Demand Registration Rights. Subject to specified limitations, holders of these registrations rights may require that we register all or part of our common stock subject to the registration rights for sale under the Securities Act. These holders may demand registration of our common stock so long as the offering price to the public of the shares requested to be registered is at least $25,000,000. We are required to effect only one demand registration, subject to specified exceptions.

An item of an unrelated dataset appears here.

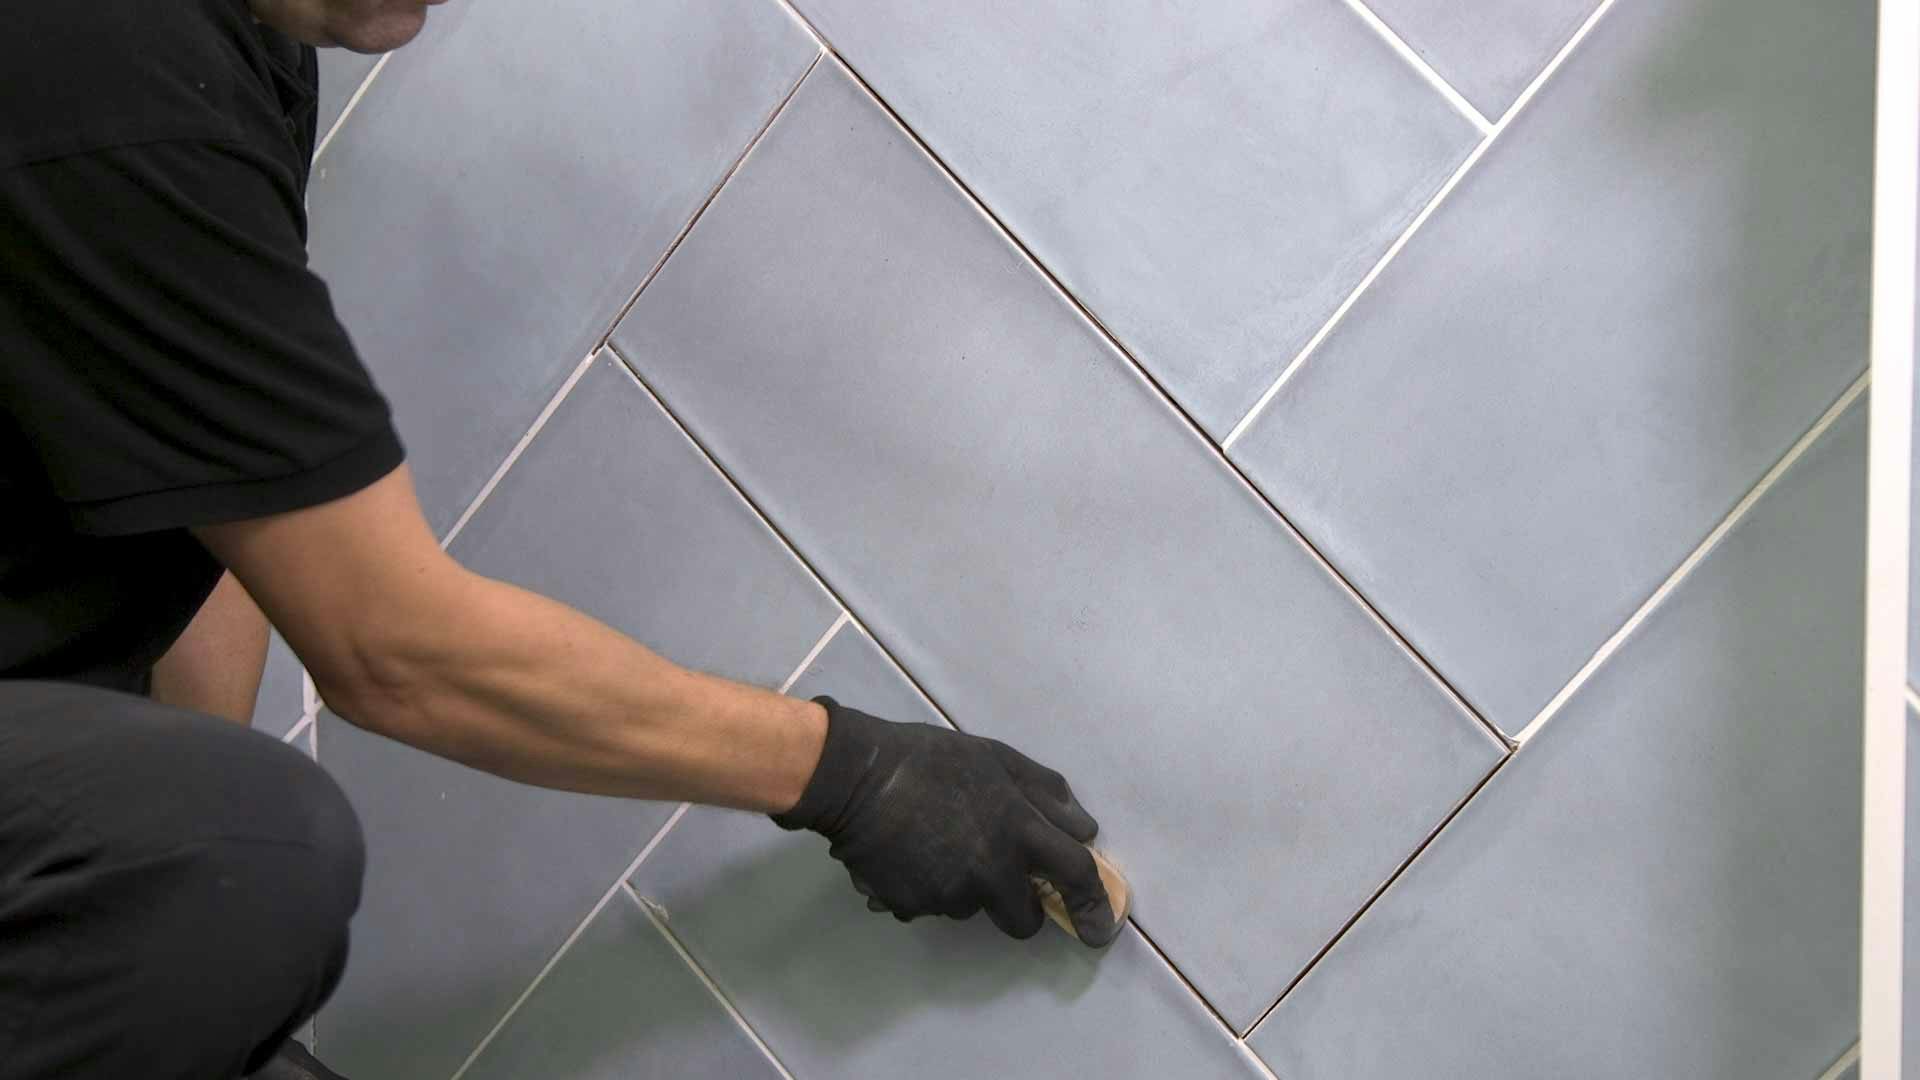 How To Remove Old Grout From Kitchen Or, Best Way To Remove Old Grout From Floor Tiles

Incidental Registration Rights. If we propose to file a registration statement under the Securities Act either for our own account or for the account of other stockholders (other than in connection with a registration statement on Form S-8 or Form S-4 or to cover securities proposed to be issued in exchange for securities or assets of another corporation), the holders of registrable shares will be entitled to notice of the registration and we will be required to use our commercially reasonable efforts to register all or a portion of any registrable shares then held by such holders that they request that we register. In the event that any registration in which the holders of registrable shares participate pursuant to our stockholders agreement is an underwritten public offering, we agree to enter into an underwriting agreement containing such terms as are customary.
Limitations and Expenses. With specified exceptions, the right to include shares in a registration is subject to the right of underwriters for the offering to limit the number of shares included in the offering. We are required to pay one-half of all fees, costs and expenses of any demand registration, other than underwriting discounts and commissions.